Honest to God, he was sex incarnate, and the thought of another night lying alone in his huge bed in the guest room, thinking of how he’d made love to her mouth, how his thick hardness had nuzzled against the apex of her thighs, was a new form of persecution.
One hand on his hip, he didn’t move an inch towards the shower, just stared at something beyond her left shoulder, and as she looked closer she could see stress bracketing his eyes. ‘Is everything okay, Nic?’
Finally he met her gaze and his mouth shaped for speech, as if he wanted to tell her something. Something important, if his deep frown and tight jaw were anything to go by, and Pia felt as if she teetered on the edge of a cliff, waiting for a fall.
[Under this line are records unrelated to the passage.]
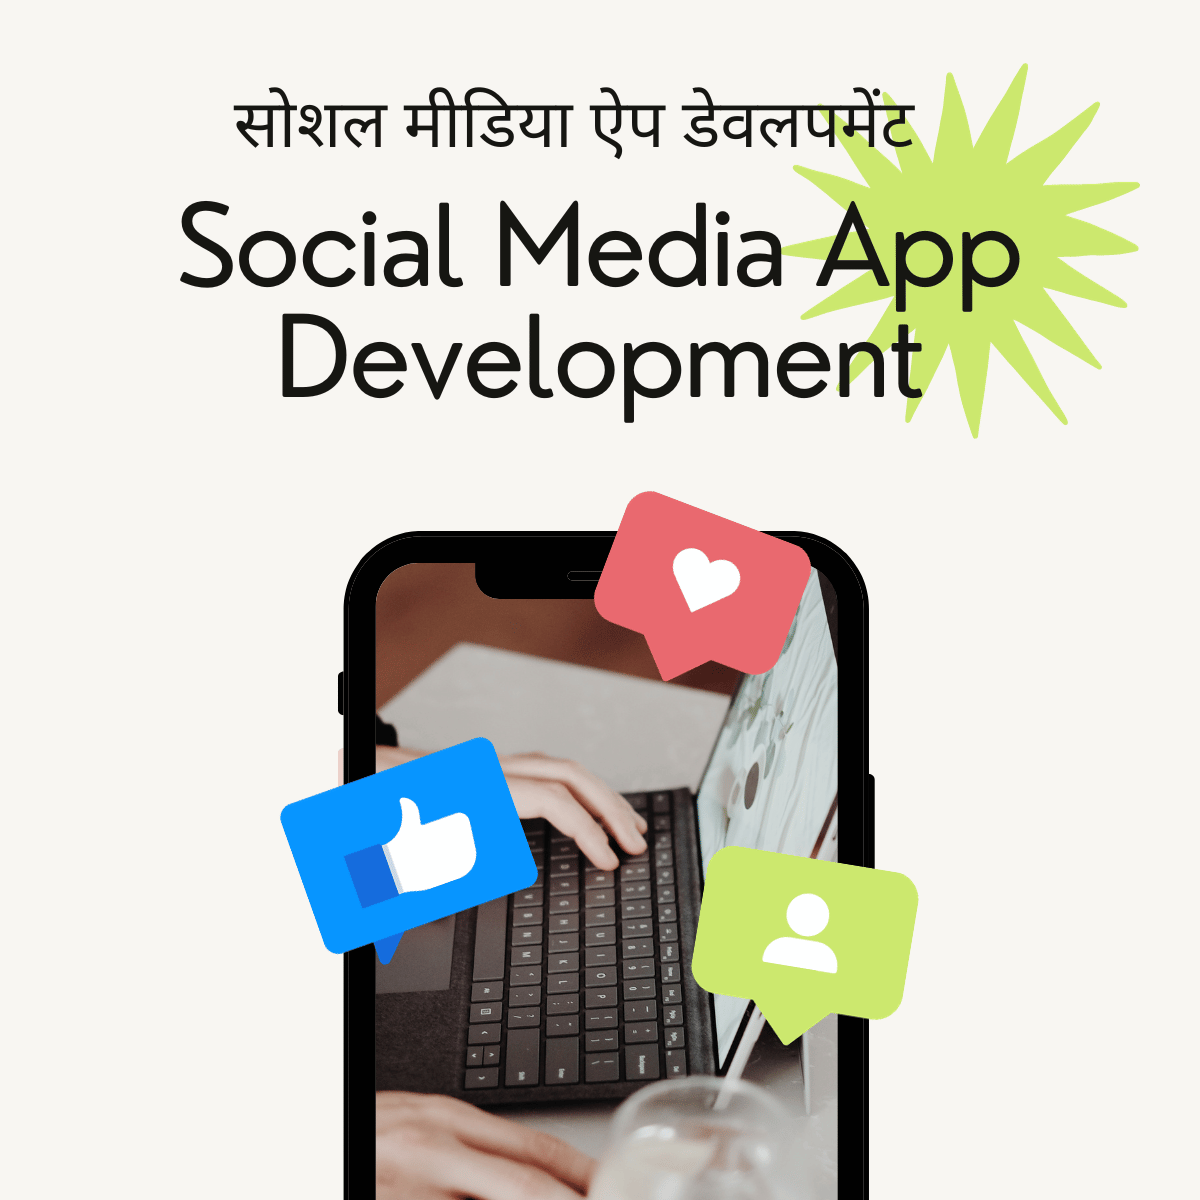 Social Media App Development सोशल मीडिया ऐप डेवलपमेंट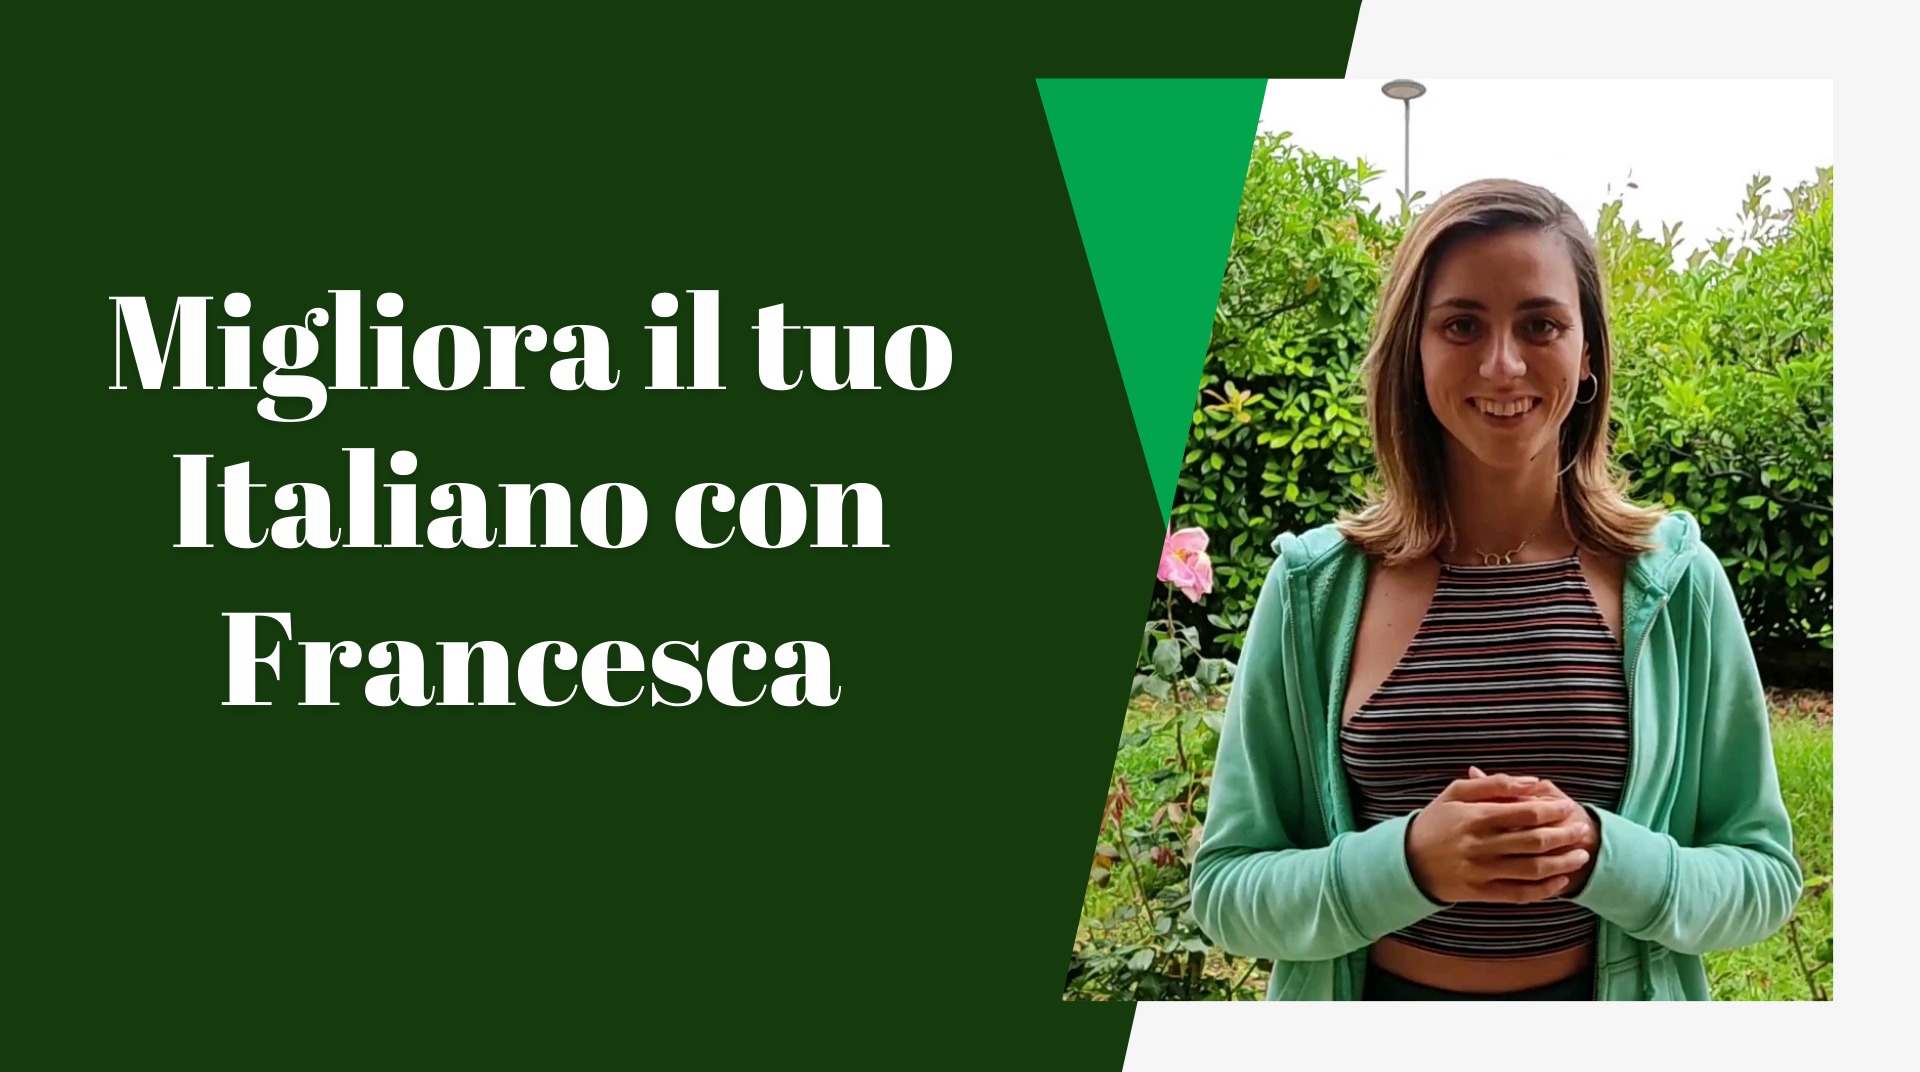 Learn Italian with Francesca - Your Italian tutor from italki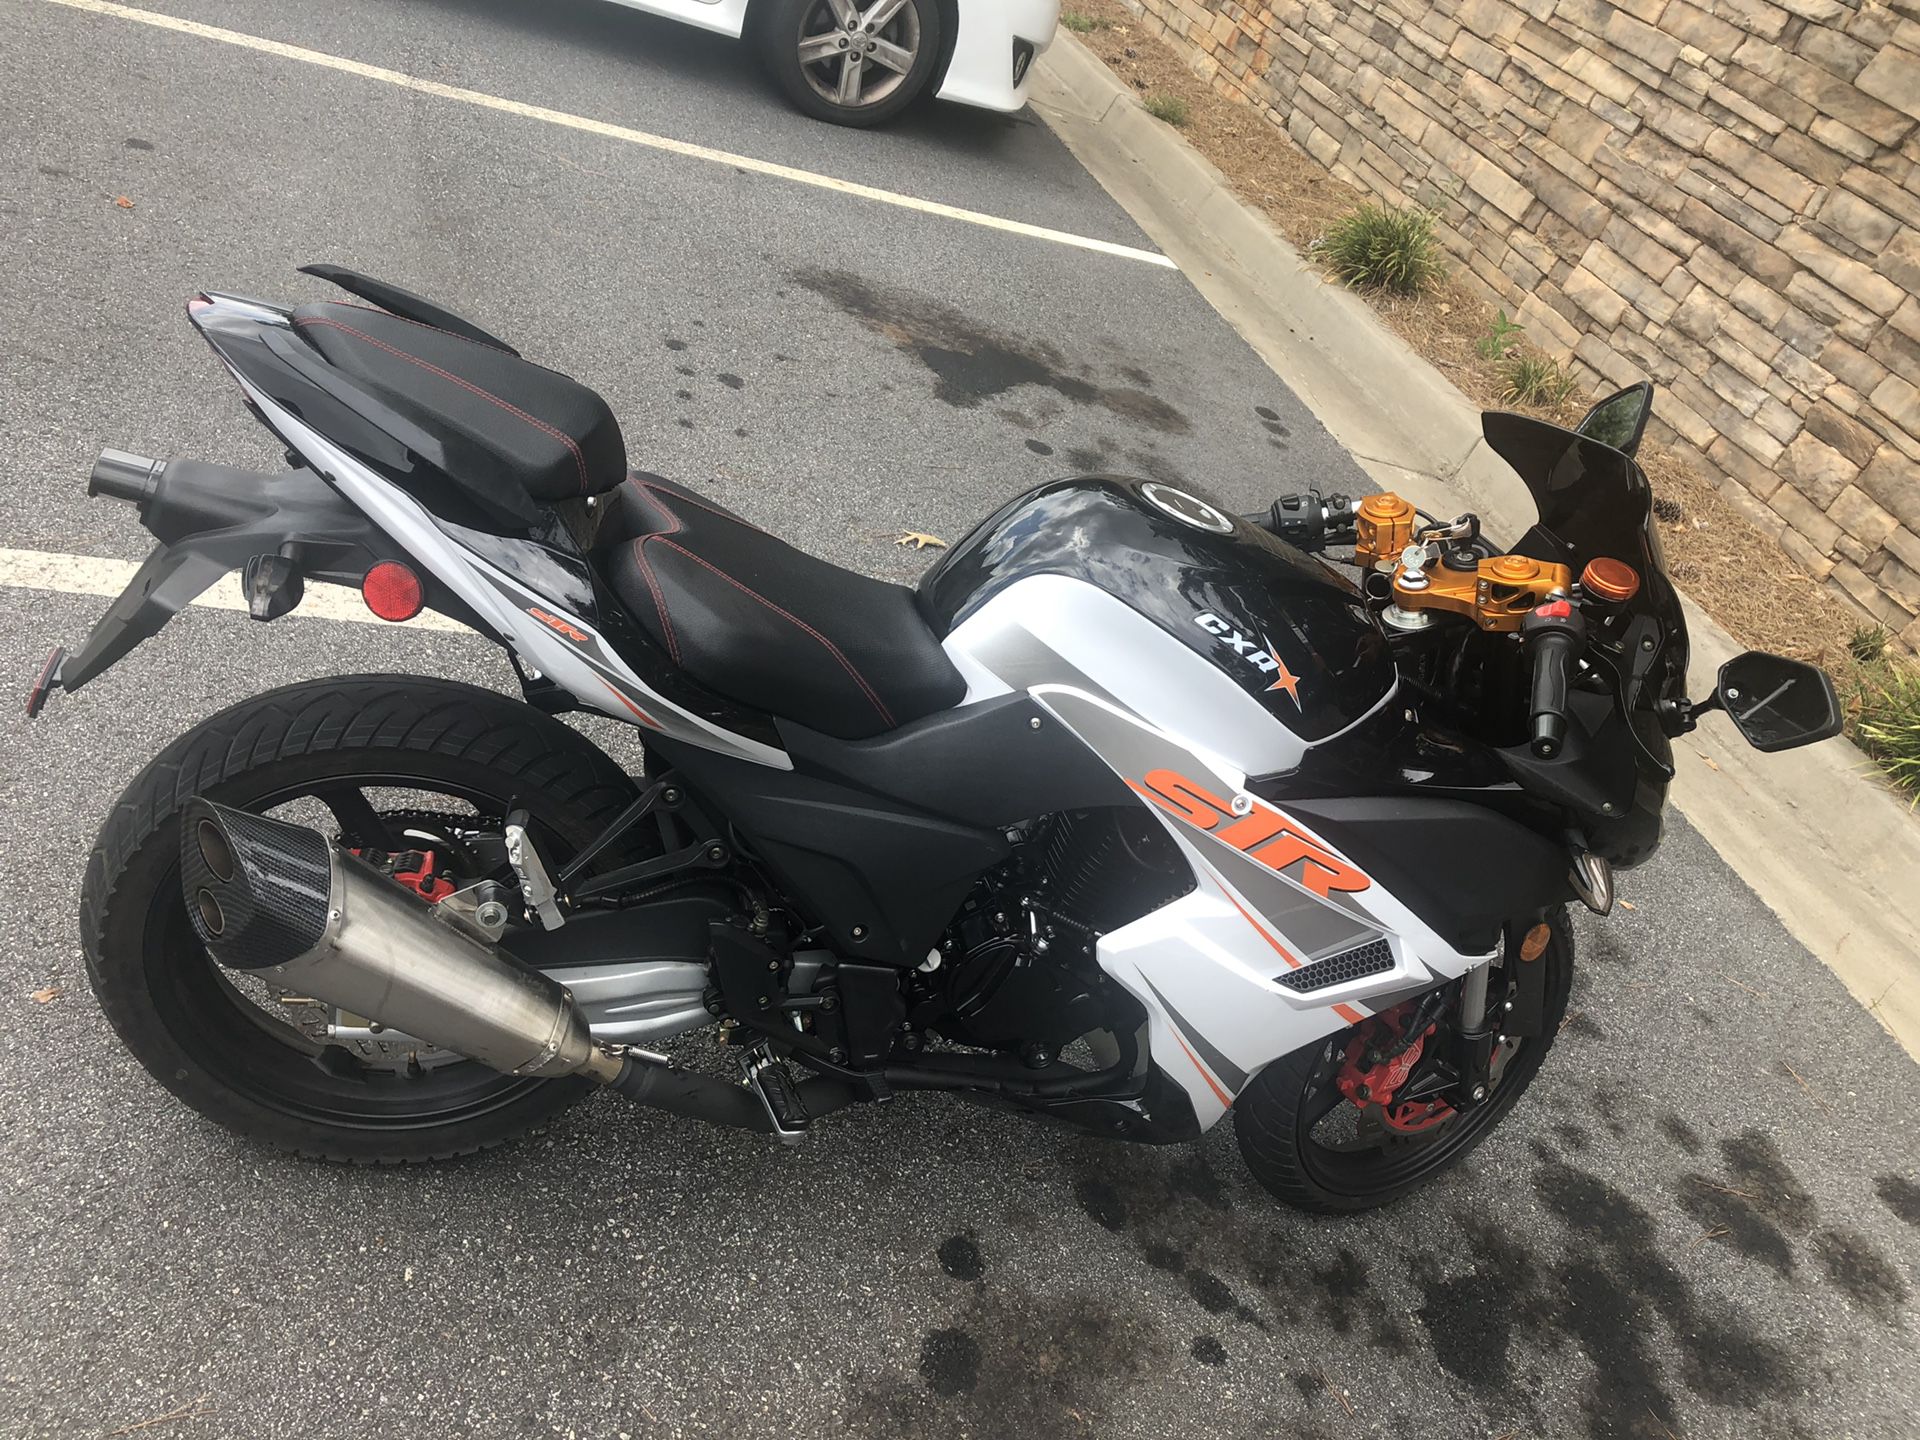 Motorcycle 2018 cxr 250cc 300 miles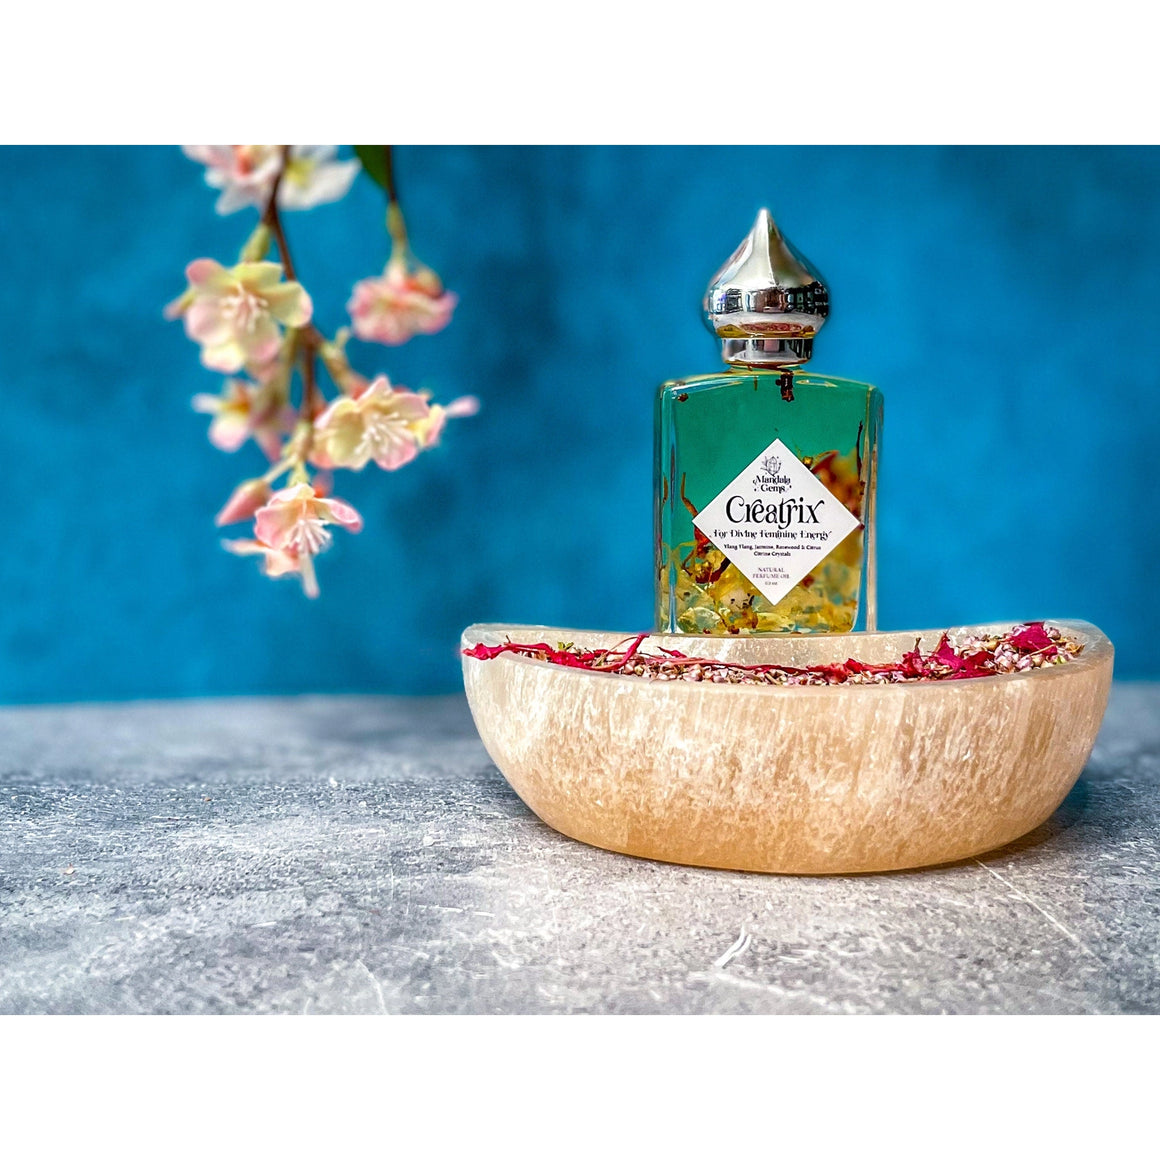 CREATRIX Natural Floral Perfume Oil for Divine Feminine Energy with Jasmine

His eyes lingered on her for long moments but he didn’t answer her, didn’t say a word, and after a frustrated clench of his fists he stalked off to the massive en suite bathroom.
Pia blew out a breath she hadn’t known she was holding and slumped against the chair.
‘By the way,’ he said, loud enough to be heard through the penthouse. ‘There’s a box on your bed; you’ll need it for the club tonight.’
There was?
Pia launched from the seat and tried not to dash through to her room like a child on Christmas morning. There on the pristine white sheets of the enormous four-poster bed was one of the boxes from the designer boutique; signature black, with a huge gold velvet sash tied into a sumptuous bow.
Her breathing grew a little fast and she rubbed her hands down her jeans.
A gift. Nic had bought her a gift. The man she’d watched from afar, the man who’d saved her life, the man who desired her like no other ever had. Surely this shouldn’t feel so huge, so momentous, and yet that was exactly how it felt.